## TRY IT
What you return should be the complete data below, word for word, with no pictures in it.

## SUPPLIED INFORMATION
------

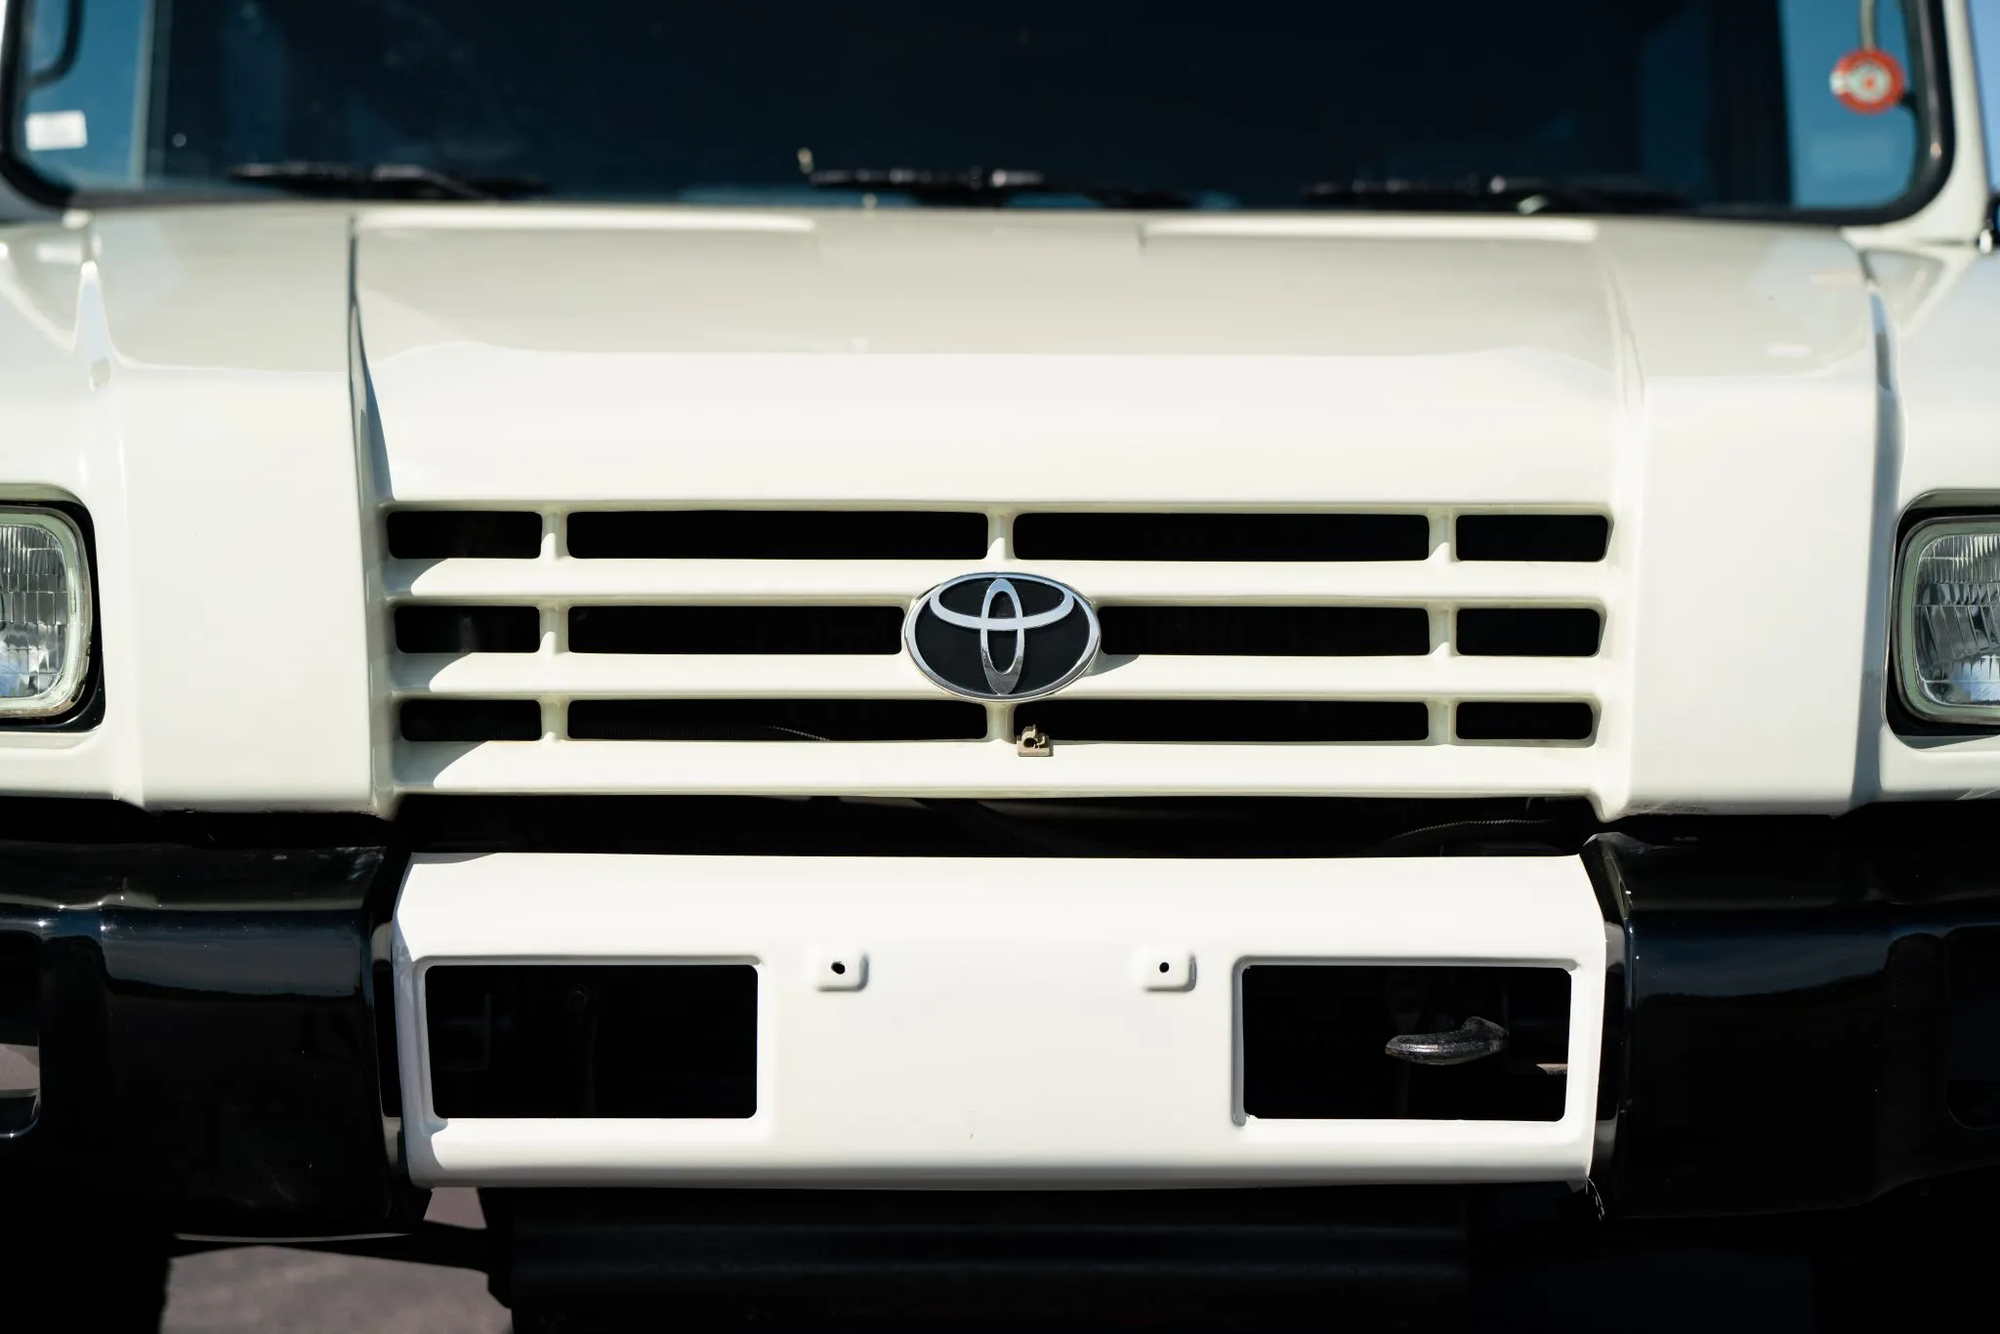 Xe Toyota không phải ai cũng biết: Trông như Hummer, ăn dầu như uống nước lã nhưng được săn lùng gắt gao - Ảnh 14.
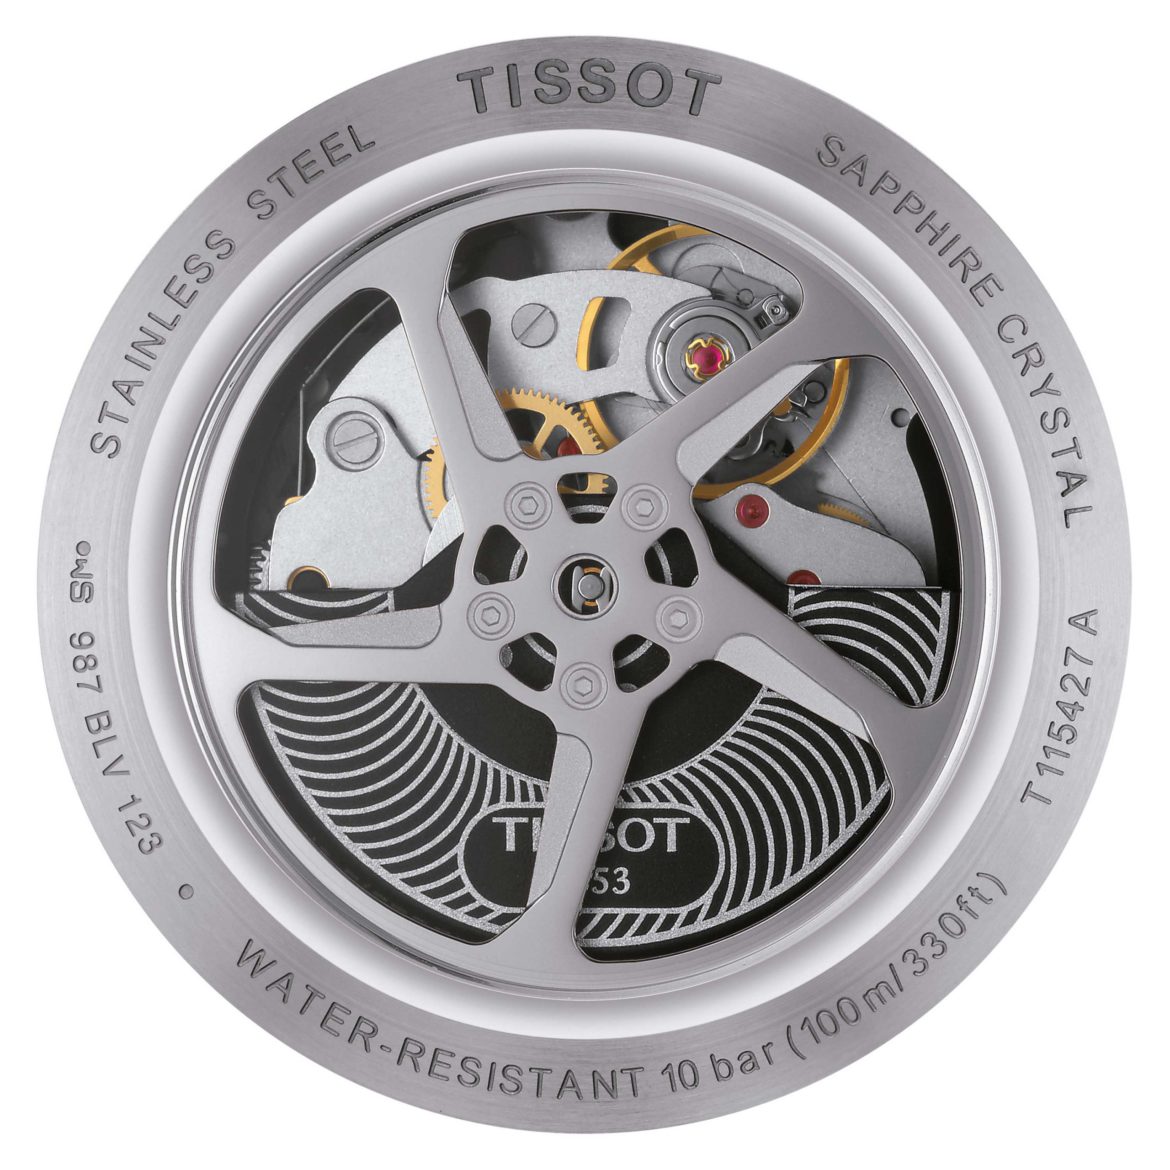 TISSOT</br>Tissot T-Race Chronograph Automatic</br>T1154272703100
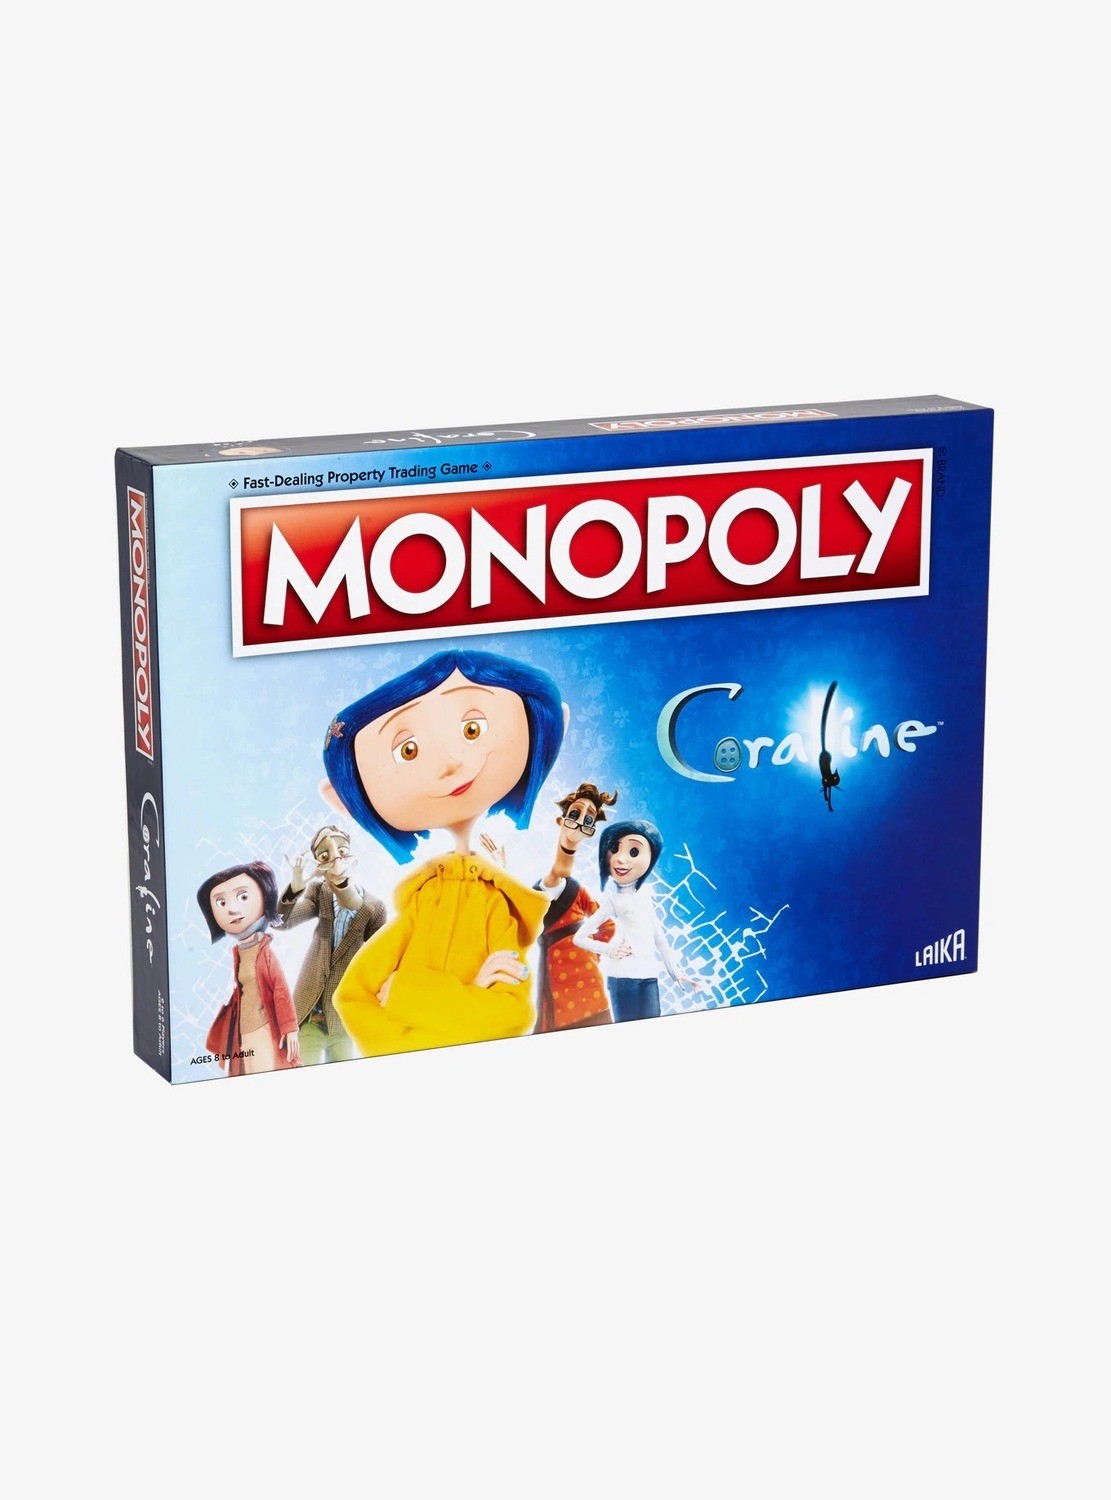 Monopoly Coraline
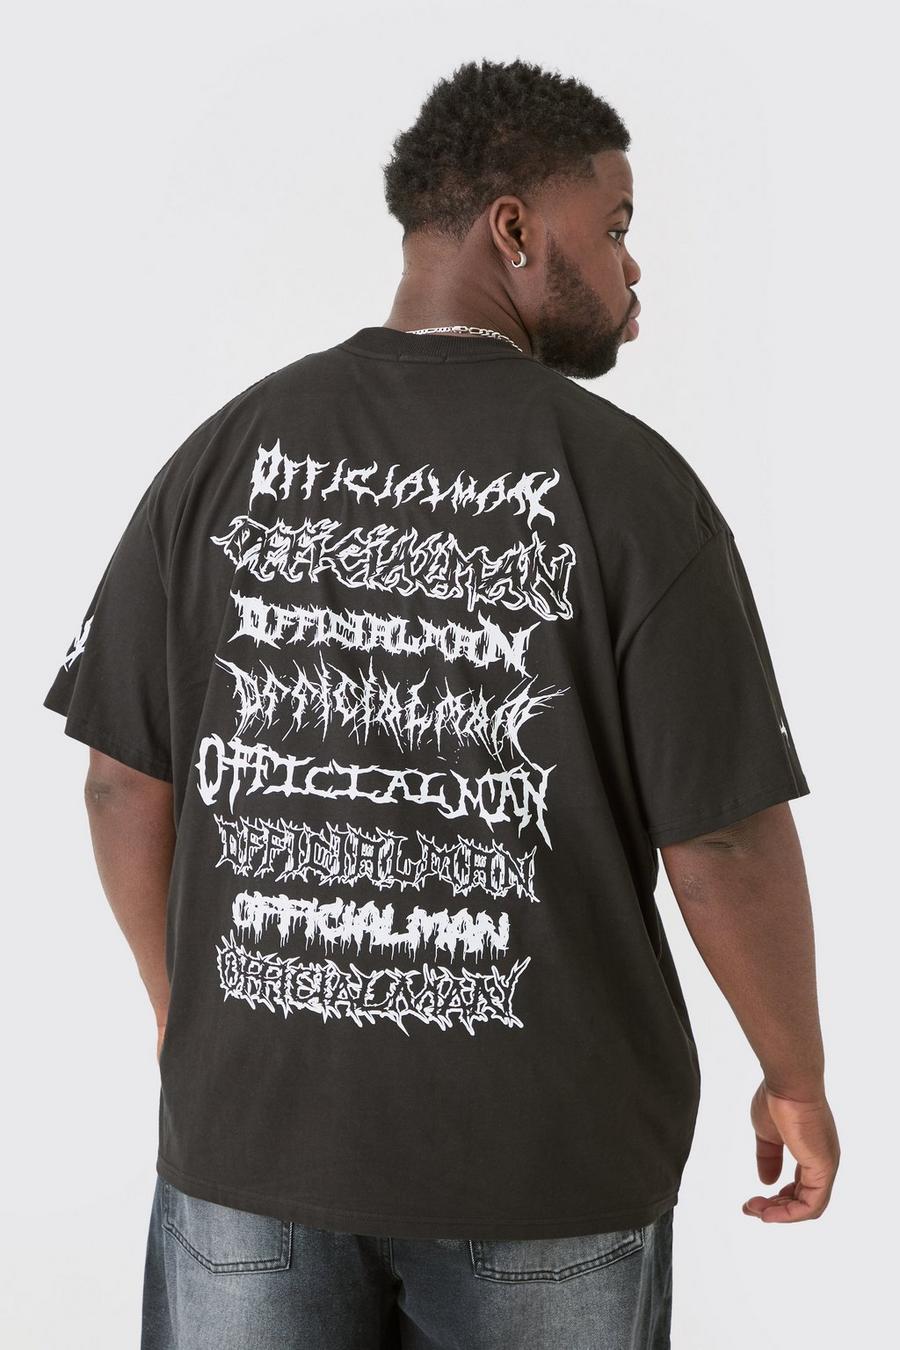 Plus Official Man Tour T-Shirt, Black

------

## REPLY TO THE EXERCISE
 Xe Toyota không phải ai cũng biết: Trông như Hummer, ăn dầu như uống nước lã nhưng được săn lùng gắt gao - Ảnh 14.
 TISSOT</br>Tissot T-Race Chronograph Automatic</br>T1154272703100
 Monopoly Coraline
 Plus Official Man Tour T-Shirt, Black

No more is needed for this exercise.